YOUR TASK
Restate exactly the lines below, from the one containing "#pijama #pamuksaten #lohusa" through the final line, and leave out the pictures.

INPUT DATA
- - - - - - -

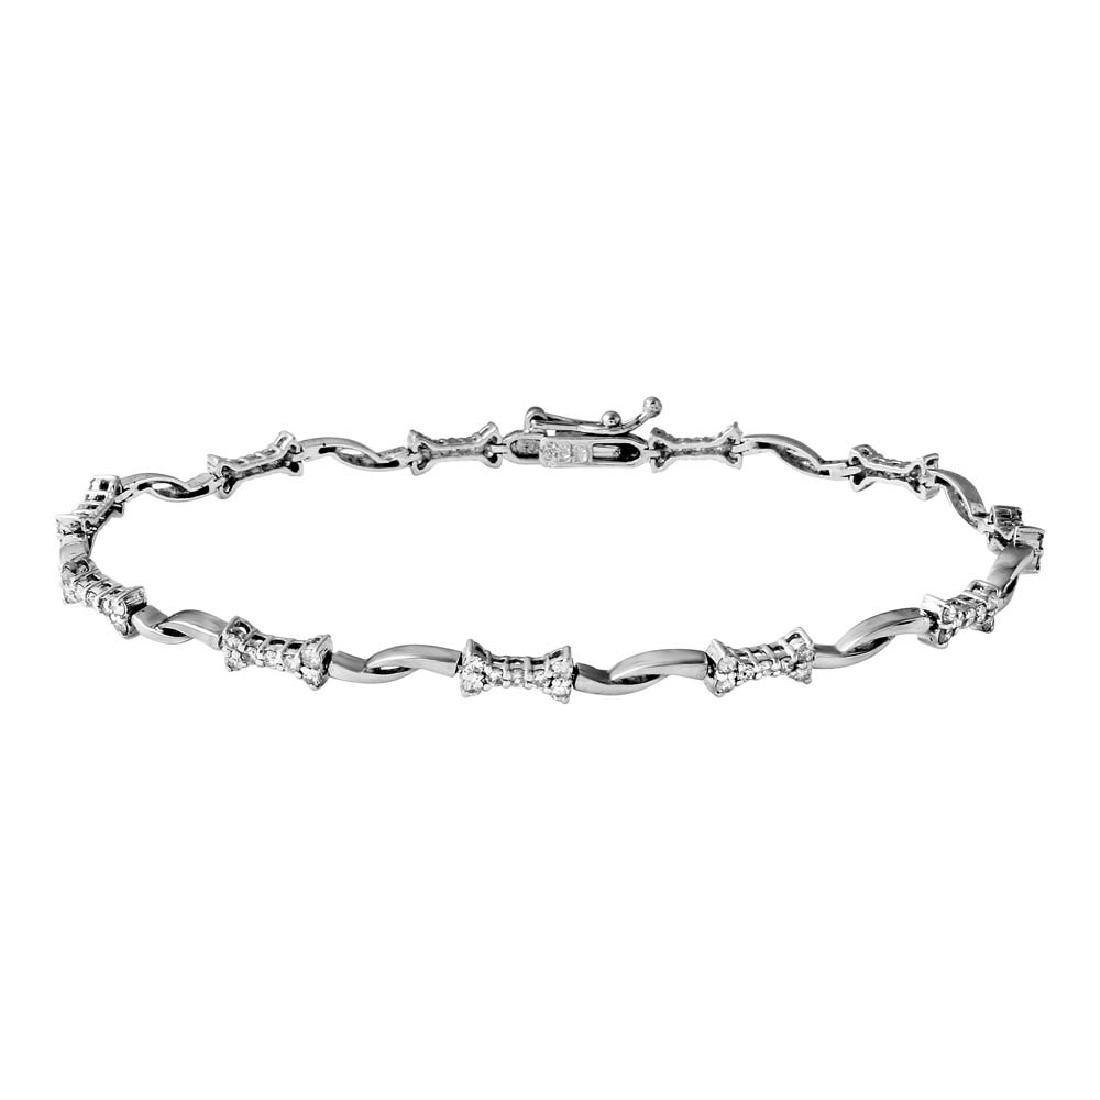 Genuine 0.8 TCW 18K White Gold Ladies Bracelet
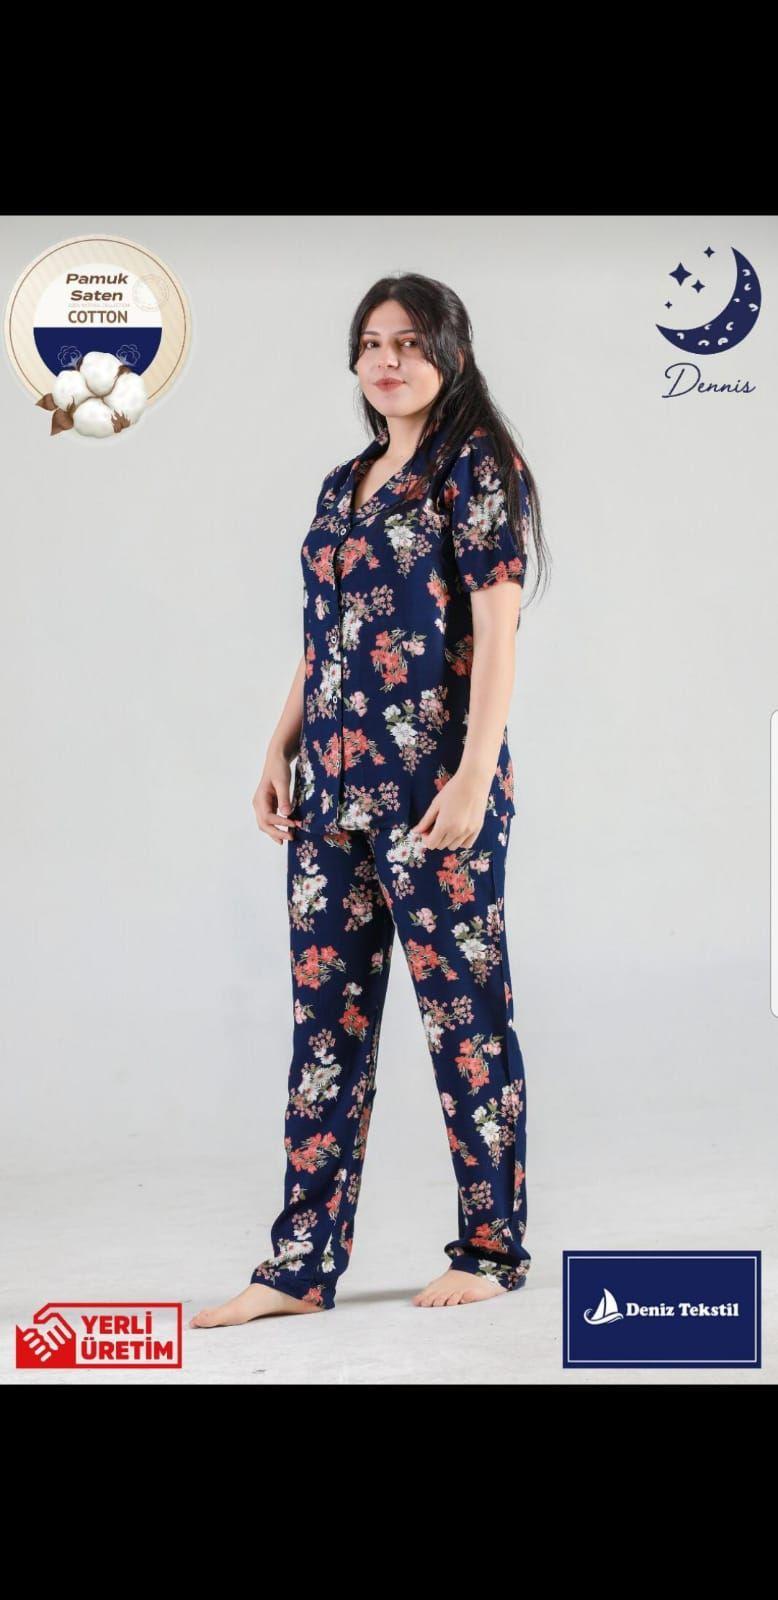 #pijama #pamuksaten #lohusa
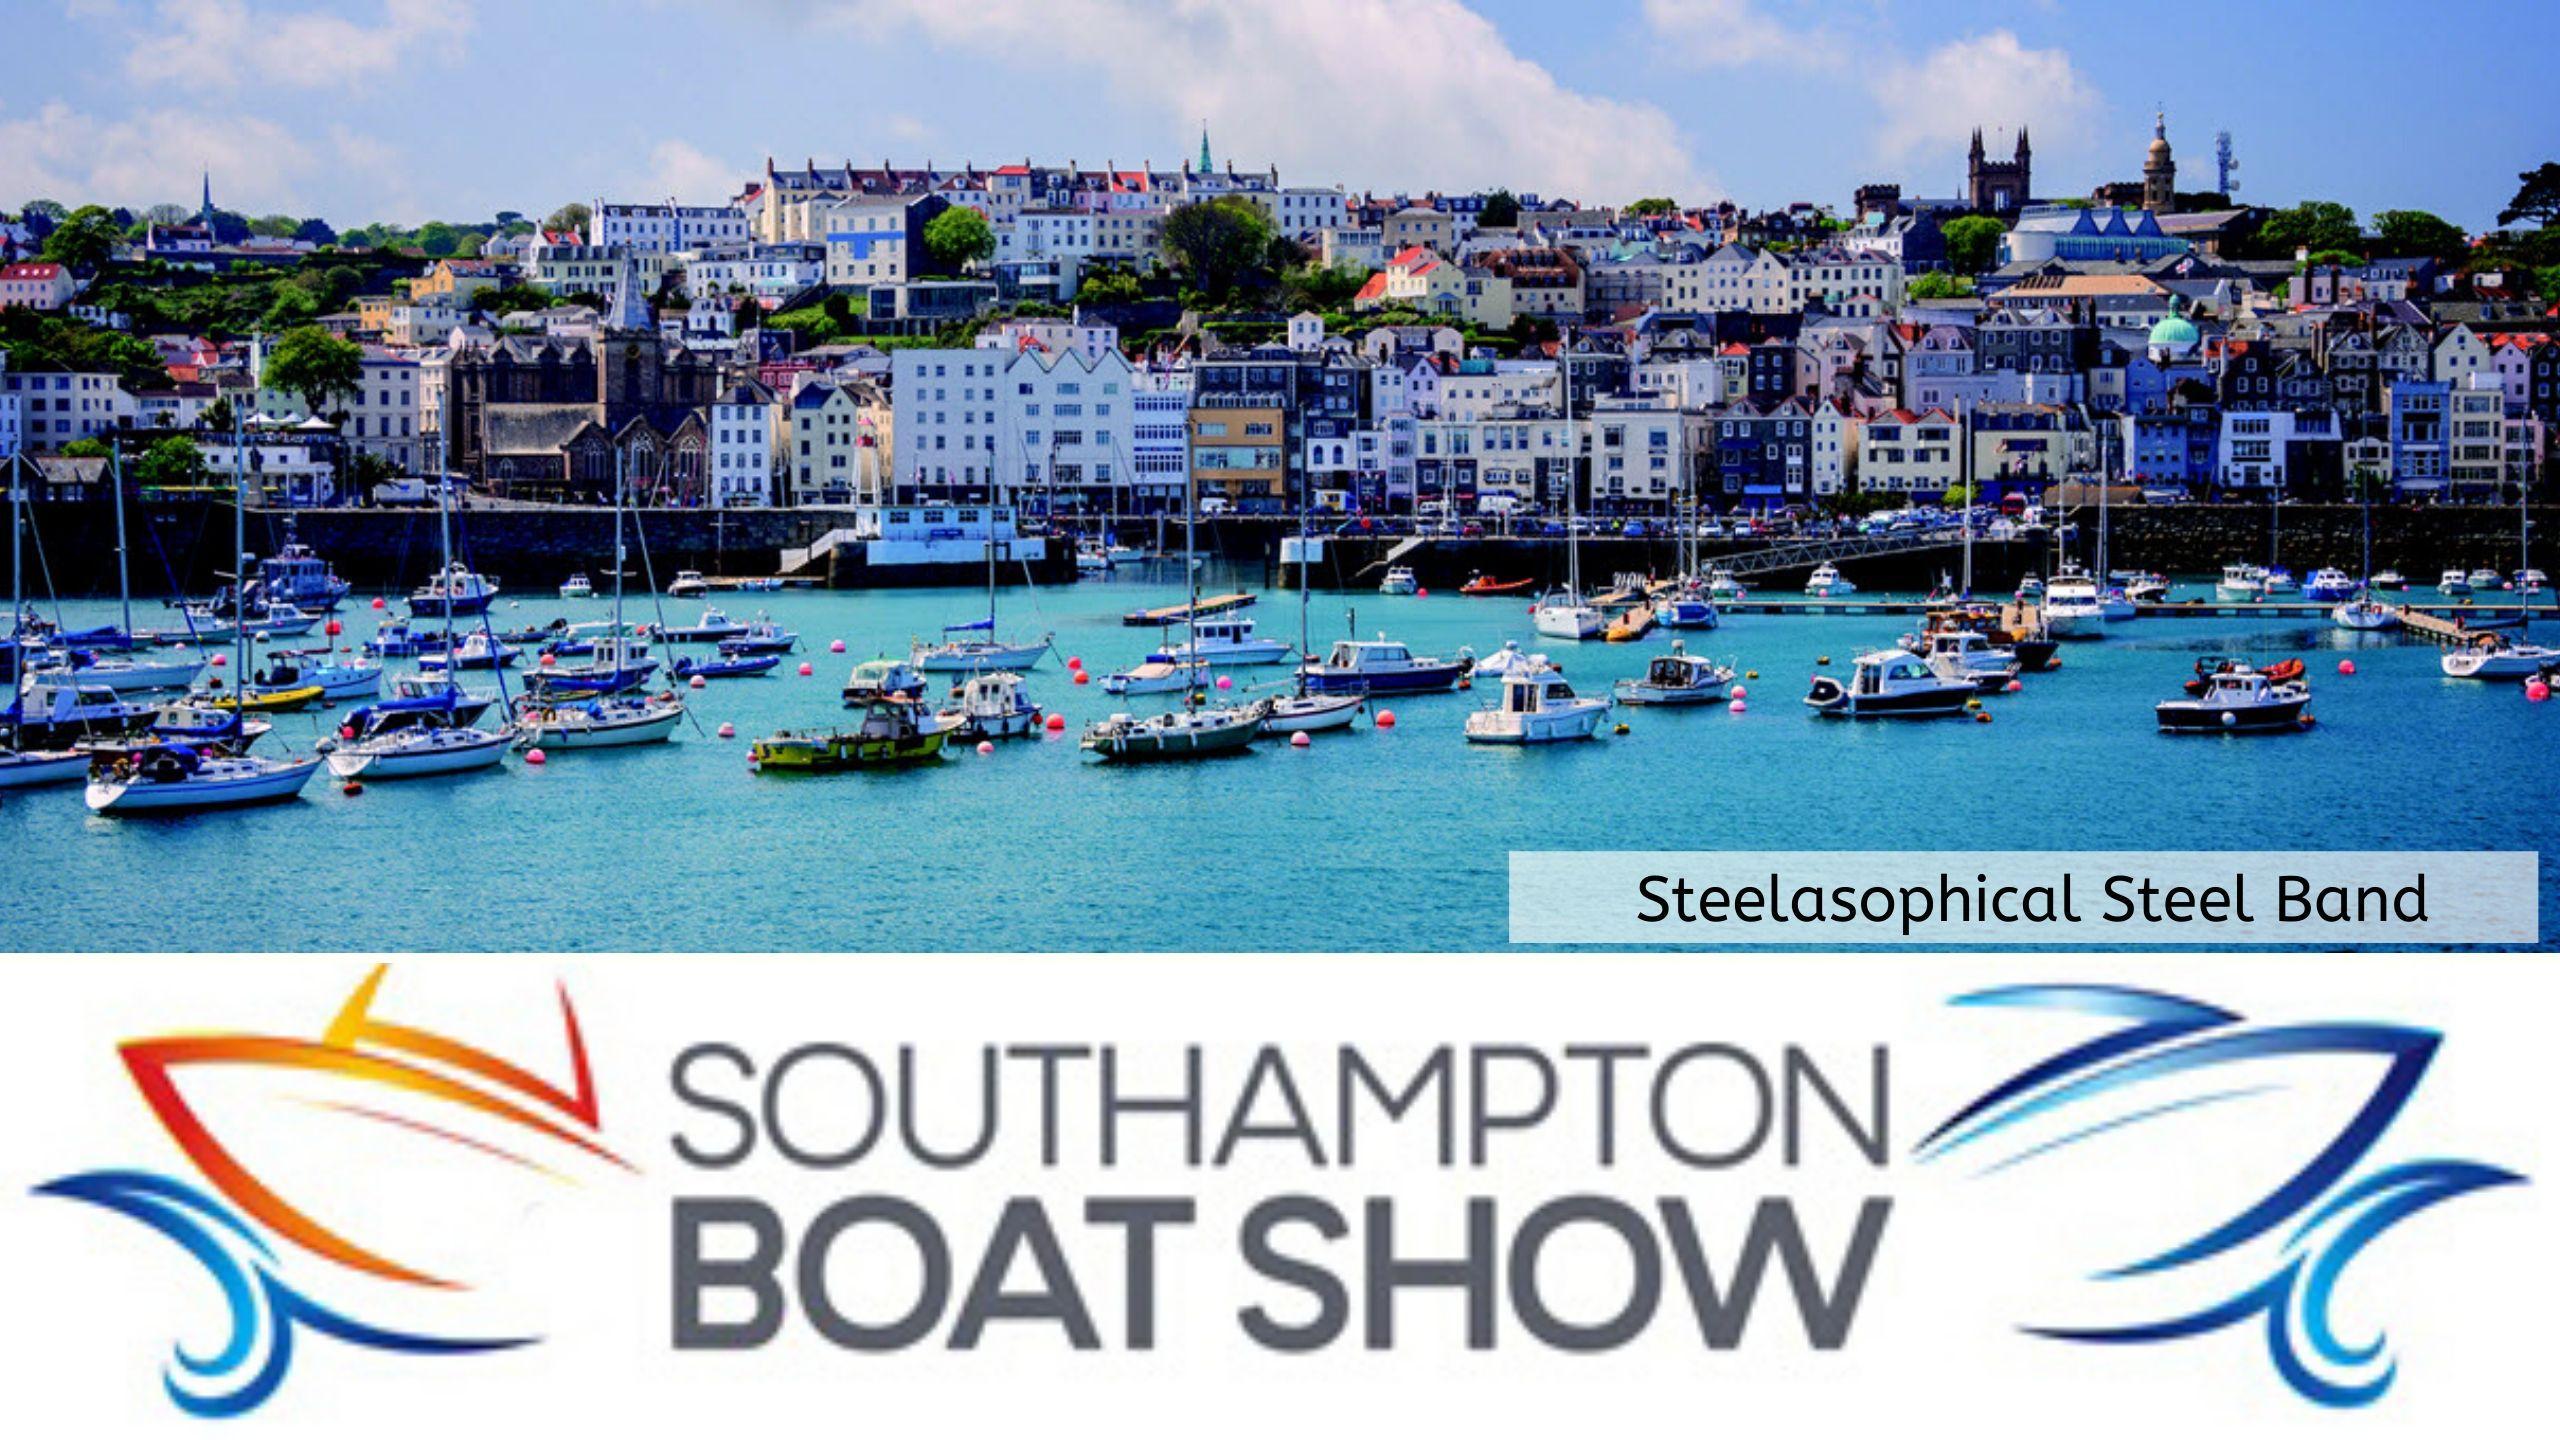 Steelasophical Steel Band Soton Southampton Boat Show YachtMarket Yacht Market

- - - - - - -

RESPONSE FOR THIS EXERCISE
 #pijama #pamuksaten #lohusa
 Steelasophical Steel Band Soton Southampton Boat Show YachtMarket Yacht Market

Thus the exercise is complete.